JacksonReadingSerializer
The last serializer I want to demonstrate, the JacksonReadingSerializer actually supports two formats: JSON and Smile. It uses the excellent Jackson library to support these formats. Smile is basically binary JSON. It is not as small and fast as Kryo (Smile still stores key-value pairs) but it’s convenient because you can switch from JSON to Smile with just a single line of code:
ObjectMapper mapper = new ObjectMapper(new SmileFactory());
Note
|
Make sure you include the jackson-dataformat-smile dependency, it’s not part of the standard databind package! |
Since my sensor and sensor reading POJO’s are immutable they don’t have a public parameterless constructor. What I then often do is simply provide a 'helper' class with just a few public fields that I use as a struct to hold the data. Another option would be to add @JsonProperty annotations to the constructor parameters to tell Jackson how to map the JSON to the constructor arguments. Of course this is only an option if you have control over that code.
So if we look at the serialize method you can see I first translate from SensorReading to SerializationHelper and then use the ObjectMapper to translate to a byte array:
public byte[] serialize(String s, SensorReading sensorReading) {
try {
return mapper.writeValueAsBytes(from(sensorReading));
}
catch(JsonProcessingException e) {
throw new IllegalArgumentException(e);
}
}
Note
|
You don’t need this translation step if your object is a basic bean: Jackson can serialize these without any configuration. |
And our deserialize function is just as simple:
public SensorReading deserialize(String s, byte[] bytes) {
try {
return mapper.readValue(bytes, SerializationHelper.class).to();
}
catch(IOException e) {
throw new IllegalArgumentException(e);
}
}
The from / to between SerializationHelper and SensorReading is done in SerializationHelper’s from() and to() methods.
Configuring Kafka
The Example class can be started as either a producer (pushing random SensorReadings onto the queue) or a consumer. A Kafka consumer/producer is supplied with the correct classname of the (de)serializer in the supplied property file. So if we want to use the JacksonReadingSerializer in a producer:
properties.put("value.serializer", JacksonReadingSerializer.class.getName());
To configure a consumer we supply the same class as a value deserializer:
properties.put("value.deserializer", JacksonReadingSerializer.class.getName());
And since our JacksonReadingSerializer can be configured to use Smile we can also set a key we made up ourselves to true:
properties.put("value.serializer", JacksonReadingSerializer.class.getName());
properties.put("value.serializer.jackson.smile", "true");
Note
|
The configure method simply receives the entire Property instance you used to configure the Producer/Consumer. |
Running the example
Make sure you have a Kafka instance running first! First build the example using mvn clean install. You can also run Example.java from your IDE.

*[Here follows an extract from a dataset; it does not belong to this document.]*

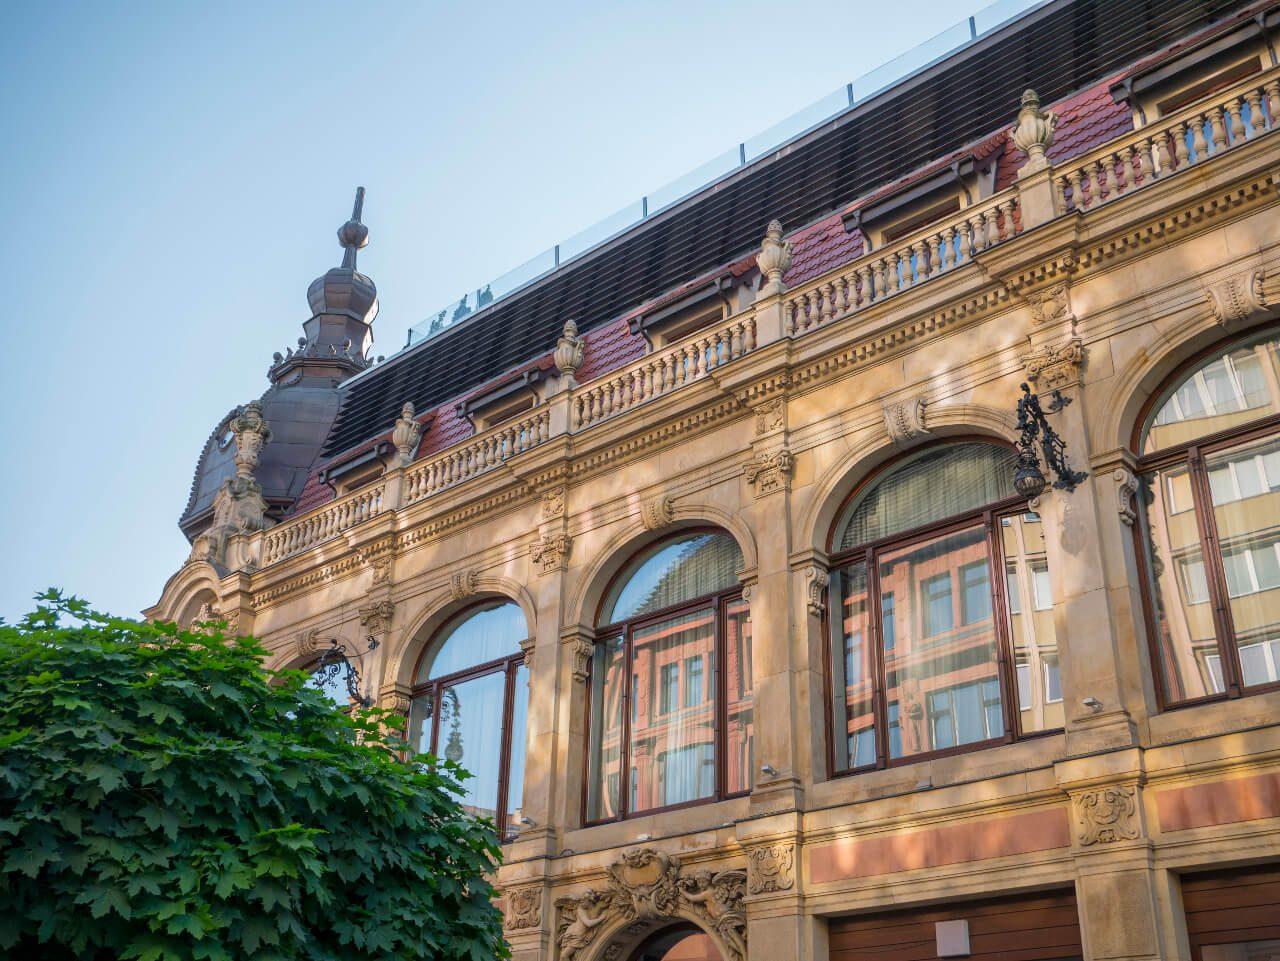 Fasada Hotelu Monopol we Wrocławiu

To run the example as a producer:
java -jar target/kafka-serializer-1.0-SNAPSHOT-jar-with-dependencies.jar produce kryo test-topic
This will connect to kafka on the default port and start producing kryo serialized readings on the test-topic topic.
To start a consumer:
java -jar target/kafka-serializer-1.0-SNAPSHOT-jar-with-dependencies.jar consume kryo test-topic
This will also connect kafka and consume and print the readings.
More details on the different options that can be supplied can be found in the readme.
Conclusion
The new Kafka API is very clean and very easy to use. Creating serializers is simple; you just have to pick a format. I would suggest to go with whatever method you currently use as long at it can translate between your objects and byte arrays.
One downside of the new API is that the Spark Kafka connector does not support it yet. It depends on an older Kafka API that does not accept serializers. A way to temporarily circumvent this is to Base64 en/decode byte arrays to strings before pushing them into the queue and then manually call the serializers on them. This bit can then be removed when Spark supports the new API.
I hope you enjoyed the read. Let me know if anything is unclear!